Paul Dennis Étienne (born June 15, 1959) is an American prelate of the Roman Catholic Church who has been serving as archbishop of the Archdiocese of Seattle in Washington State since 2019.

Previously, Etienne was bishop of the Diocese of Cheyenne in Wyoming from 2009 to 2016 and archbishop of the Archdiocese of Anchorage in Alaska from 2016 to 2019. On September 3, 2019, Etienne automatically became the sixth archbishop of Seattle following the resignation of his predecessor.

Early life and education 
Paul Etienne was born June 15, 1959, in Tell City, Indiana, the second son of Paul and Kay Etienne.  One of his uncles is a diocesan priest and an aunt is a Benedictine nun. Etienne has a sister (Nicolette) who is a Benedictine nun at Our Lady of Grace Monastery in Beech Grove, Indiana; two brothers, (Zachary and Bernard) are diocesan priests in the Diocese of Evansville.
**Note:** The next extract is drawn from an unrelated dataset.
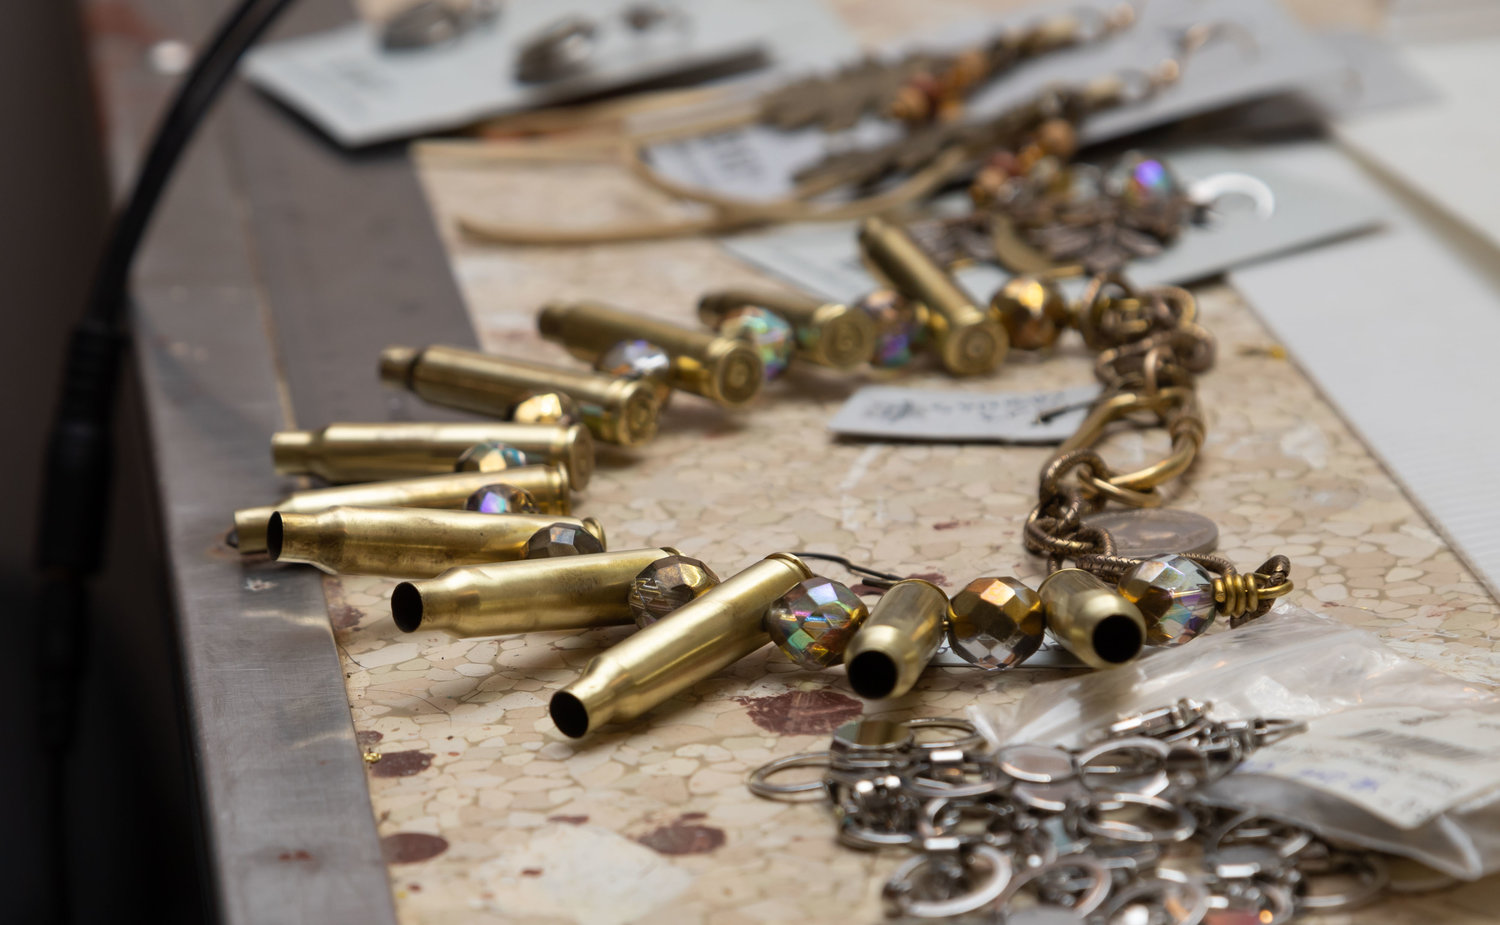 Bullet casings become jewelry in Anne Jansen's capable hands. She sells the jewelry line at surshotjewelry.com.

In 1983, Paul Etienne entered Bellarmine University in Louisville, Kentucky, but in 1984 transferred to University of St. Thomas in St. Paul, Minnesota. He obtained a Bachelor of Business Administration degree from St. Thomas in 1986.  After his graduation, Etienne worked for a year for the United States Conference of Catholic Bishops (USCCB) as an assistant coordinator for papal visits.

In 1988, Etienne travelled to Rome to attend the Pontifical North American College.  He obtained at Bachelor of Sacred Theology degree from the Pontifical Gregorian University in 1992.

Ordination and ministry 
Etienne was ordained a priest by Bishop Gerald Gettelfinger for the Archdiocese of Indianapolis on June 27, 1992. After his ordination, Etienne served as assistant pastor of Saint Barnabas Parish in Indianapolis and assistant vocation director for the archdiocese.  He returned to Rome in 1994, obtaining his Licentiate of Spiritual Theology from Gregorian University in 1995.

On his return to Indiana, Etienne was appointed director of vocations for the archdiocese (1995–1998) and pastor of the Our Lady of Perpetual Help Parish in New Albany, Indiana  Beginning in 2002, Etienne started serving at Saint John the Baptist Parish in New Albany, and as pastor of the Saint Simon the Apostle Parish and Saint John the Evangelist Parish in Indianapolis (2008–2009).  In 2008, Etienne was also appointed as vice-rector of Bishop Simon Bruté College Seminary in Indianapolis and then pastor in 2009 of Saint Paul Parish at Tell City. He was also consultant and member of the archdiocesan council of priests.

Bishop of Cheyenne

On October 19, 2009, Pope Benedict XVI appointed Etienne as bishop of the Diocese of Cheyenne . He succeeded Bishop David L. Ricken.  Etienne was consecrated by Archbishop Charles J. Chaput on December 9, 2009.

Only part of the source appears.